Ainsi croyait-il que, dans sa position, il valait mieux être craint qu’aimé.

Il faisait peu de cas de Henri IV et s’indignait de ce que ce prince désirait qu’on l’appelât le bon Henry. Il ajoutait : « Les rois fainéants étaient aussi de bons rois. » Philippe le Bel et Louis XI étaient les seuls rois de la troisième race qu’il estimât.

Une autre cause qui n’a pas moins contribué à consolider le despotisme de Bonaparte, c’est la gloire militaire que nos armées se sont acquise sous son commandement. Quoique la France payât ses conquêtes de son sang et de ses trésors, elle était loin d’être insensible à ces succès.
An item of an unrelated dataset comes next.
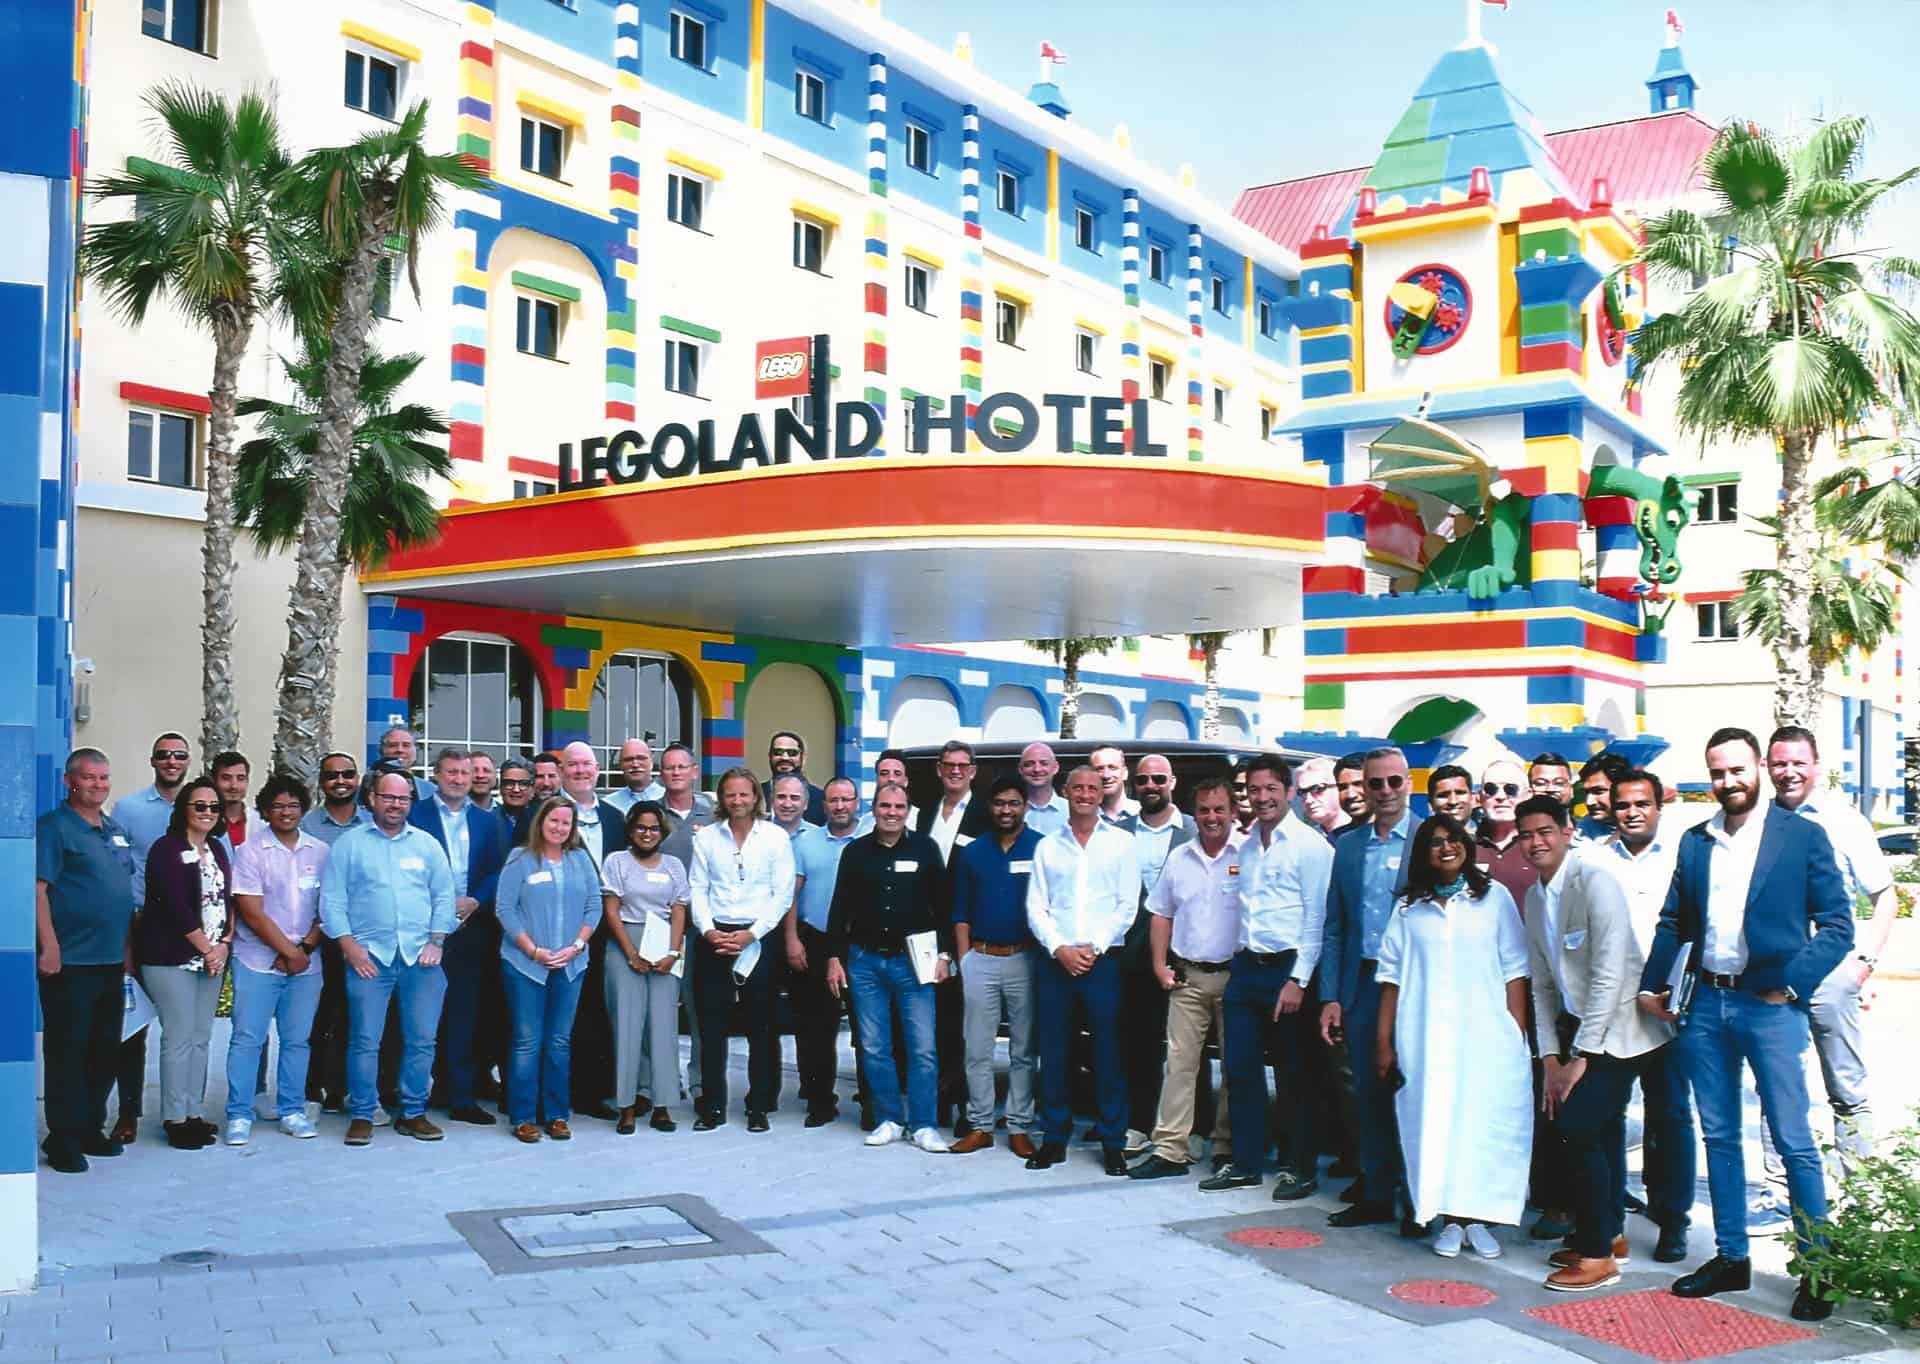 MENALAC 2022 at Dubai Legloland Hotel

L’orgueil national était flatté, la nouvelle de chaque victoire était reçue avec enthousiasme. On oubliait ce qu’elle coûtait pour ne voir qu’un résultat favorable à l’honneur français. Et Napoléon, au retour des camps, se trouvait constamment réconcilié avec l’opinion publique.
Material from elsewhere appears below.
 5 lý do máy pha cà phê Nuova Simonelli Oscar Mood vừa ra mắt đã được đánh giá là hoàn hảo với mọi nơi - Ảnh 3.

Cette malheureuse facilité à s’enorgueillir d’un succès, ce moyen sûr de reconquérir les cœurs et de faire diversion aux maux qui pesaient sur l’intérieur, ont plus d’une fois renouvelé la guerre, mais aussi ils ont, à la fin, précipité Napoléon du haut du trône, où il eût pu s’affermir par une bonne administration. En mettant la gloire militaire à la place du bonheur public, Bonaparte a pu avoir des moments d’un règne brillant, mais il ne pouvait pas, par ces seuls moyens, le rendre durable. Il a bien pu parvenir à faire diversion sur le vrai but d’un gouvernement, mais non l’établir solidement.

Il eût été, peut-être, possible de contenir Bonaparte dans de justes bornes, si ses premiers écarts avaient été redressés par les grands corps de l’État, dès le début de la carrière. Alors, sans doute, la nation aurait approuvé ses premiers magistrats. D’ailleurs, cet homme craignait le peuple ; le moindre mécontentement témoigné hautement, la plus légère insurrection l’affectaient plus que la perte d’une bataille ; mais du moment que cet homme s’est vu à la tête d’une armée enorgueillie par ses succès, il a eu dans sa main l’instrument de notre servitude. Toute résistance devenait impossible. La nation elle-même, par amour-propre, s’associait à ses succès, et les droits civils étaient comptés pour rien.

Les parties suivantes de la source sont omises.